2

I'm developing a web application (django/gunicorn/nginx) that needs to be scaled out according to load. The app will be hosted on Linodes so I intend to use StackScripts (and maybe Puppet) to start up new instances of the web server, then stick them behind a NodeBalancer.

It looks as if Nagios and Munin will allow me to monitor load, get alerts when the server is under pressure, and view some pretty graphs. But will those applications also allow me to automate the deployment of a new Linode? It looks as if I should be able to write a Nagios event handler that launches the StackScript. But I'm not sure it's possible to create a check that can determine when to start new instance.
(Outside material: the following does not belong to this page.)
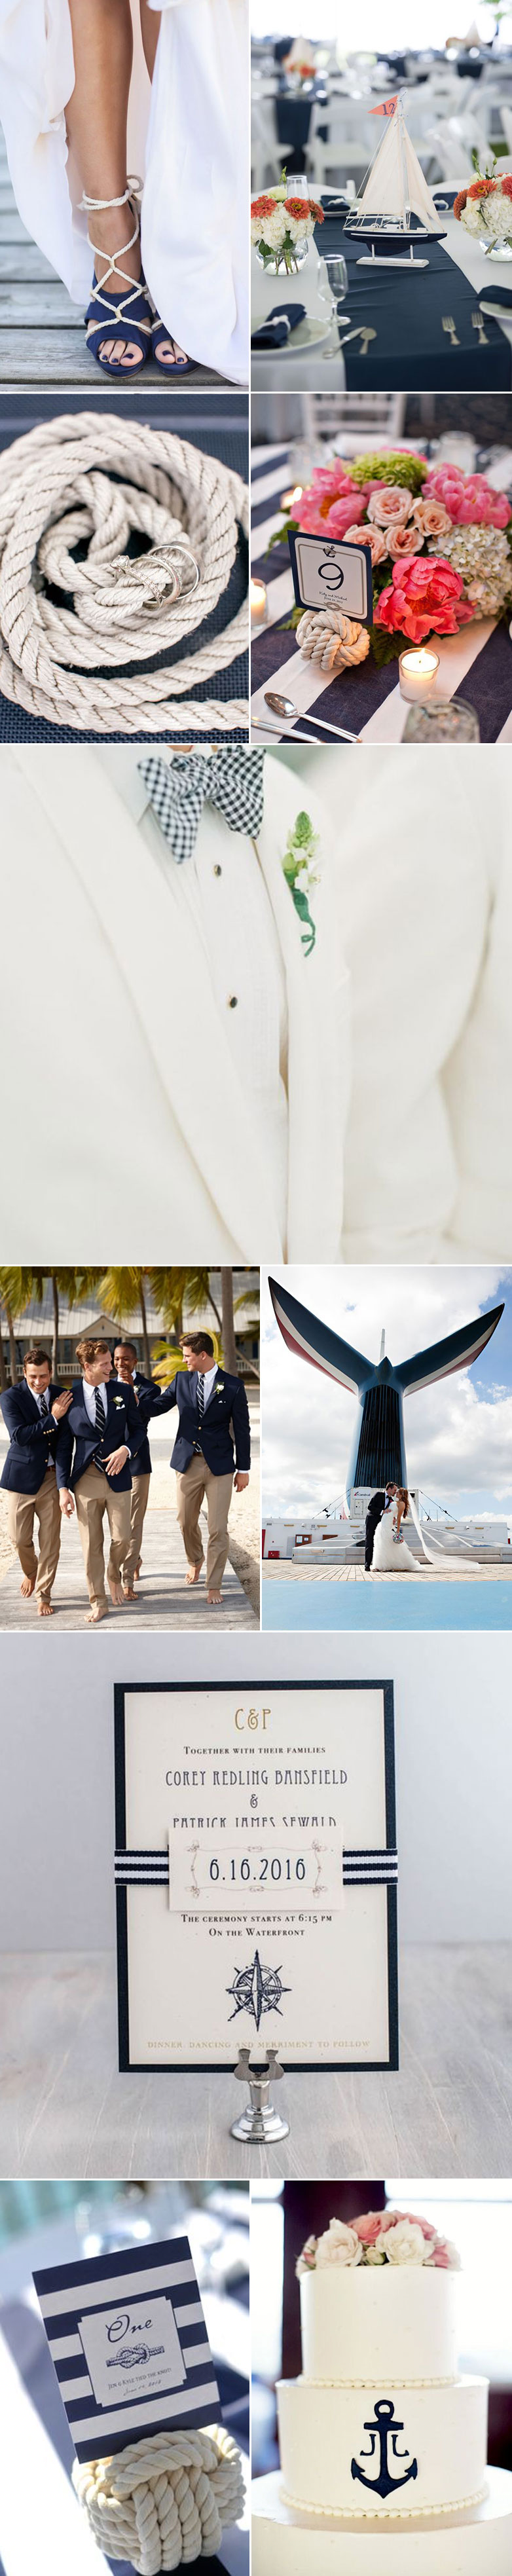 Nautical wedding inspiration bows n ties nautical wedding ideas junglespirit Images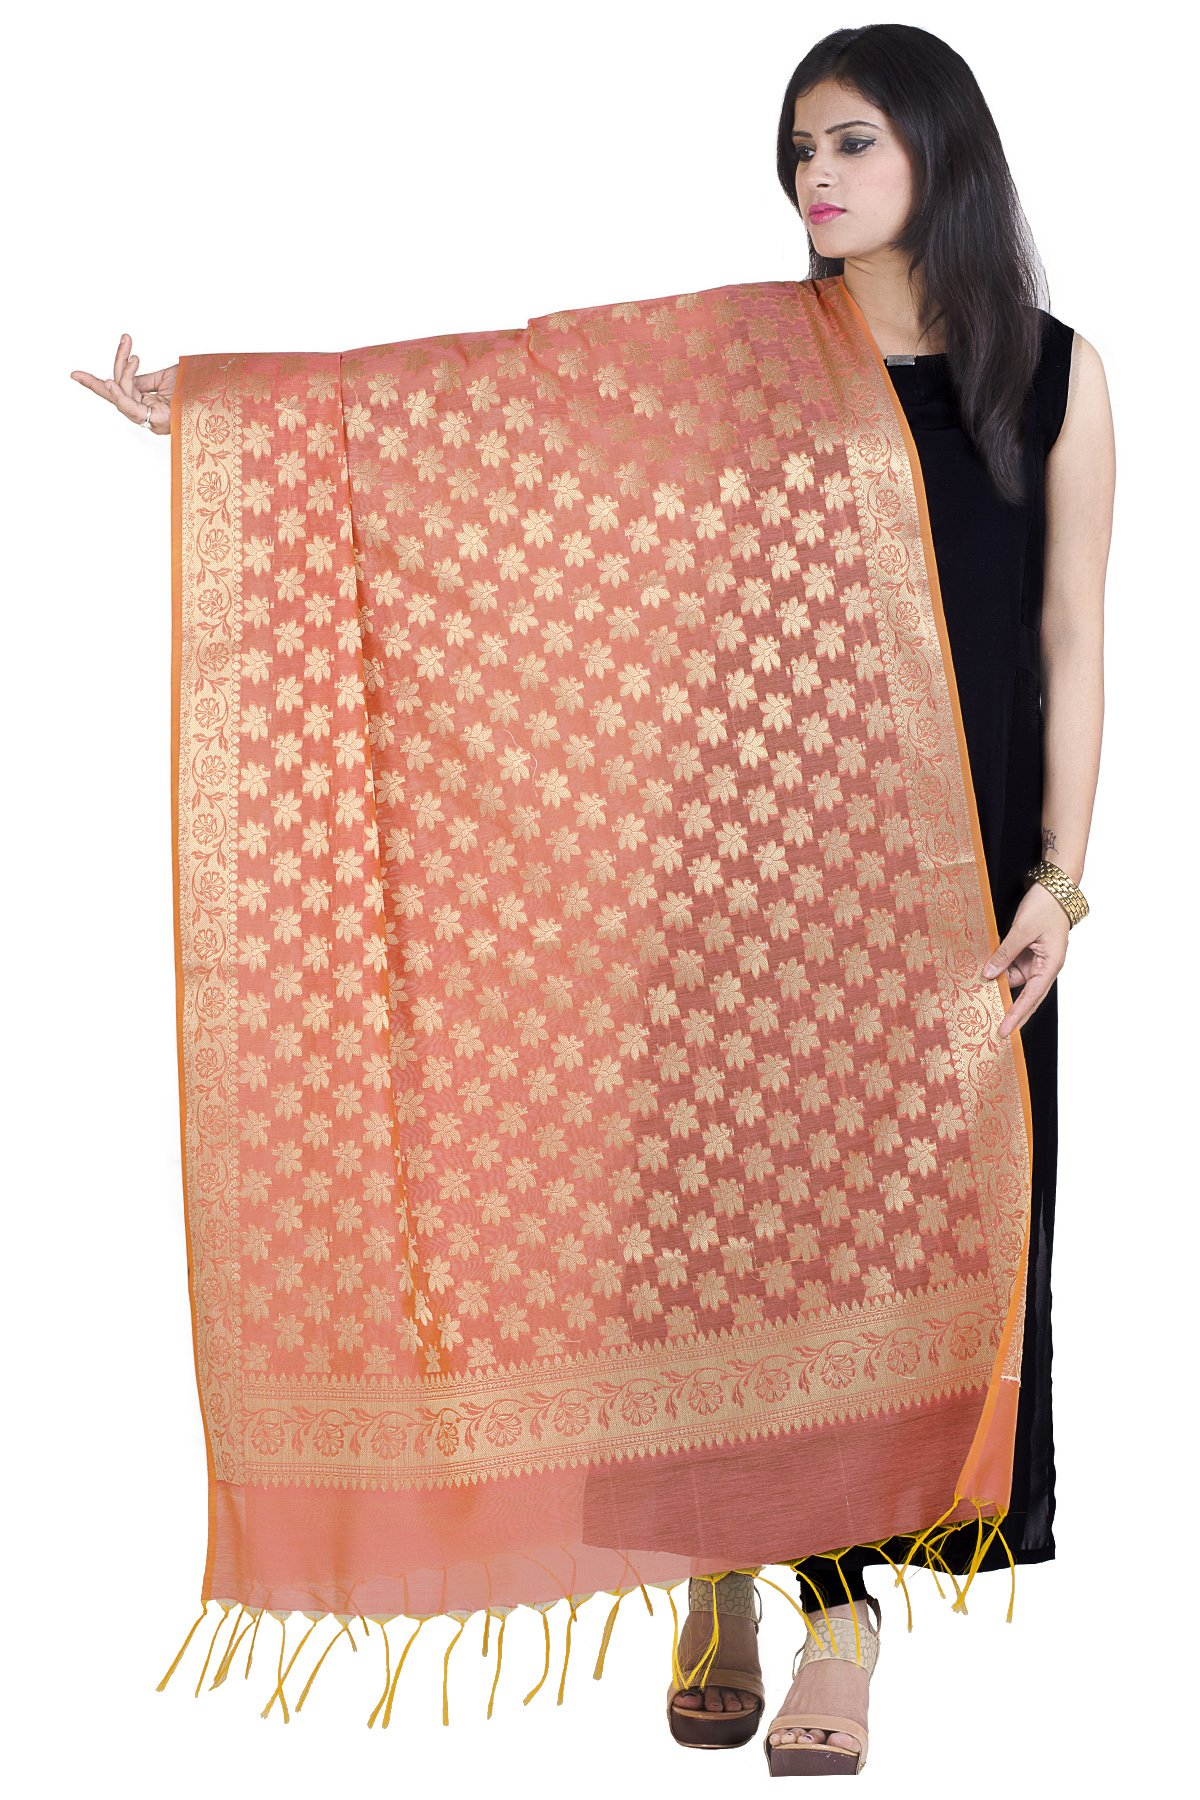 Chandrakala Women's Handwoven Zari Work Banarasi Dupatta Stole Scarf (Orange)

  • Is it possible to set up an alert that takes past measurements into account? My criteria will be based on how long a machine is under load, rather than an instantaneous reading. I'm not worried if the web server is close to max usage for one check but I may be if it stays that way for two or more.
  • Am I missing a piece? I'm thinking this is possible in a plugin that uses data already available to Nagios/Munin. But maybe I need to write a separate app or script that stores previous check values and does the comparisons.
  • Can anyone point me to an example of using Nagios to scale out an app? I've seen a few slideshows where people discuss scaling this way (usually on EC2) but no concrete examples.

Thanks.

Andrew
  • 21
  • 1
  • I think Nagios can do what you're looking for. I just skimmed this document: http://nagios.sourceforge.net/docs/3_0/eventhandlers.html – Publiccert Feb 06 '12 at 19:50
  • I know I can write an event handler to launch a StackScript. I don't know how I'd create the check necessary to set it off though. – Andrew Feb 06 '12 at 19:56
  • Did you read the next article about checks? I know for a fact what you want to do can be done and is very well documented throughout the link I gave you. – Publiccert Feb 06 '12 at 20:01
  • I read the documentation. It does not answer the three specific questions I asked. – Andrew Feb 06 '12 at 20:20

1 Answers1

0

You can set the Nagios load check to recheck multiple times over a set time period before firing the event handler and/or alert. If the load hits a critical threshold, recheck it once a minute for 10 minutes, and if it continues to show critical load, fire event handler/alert.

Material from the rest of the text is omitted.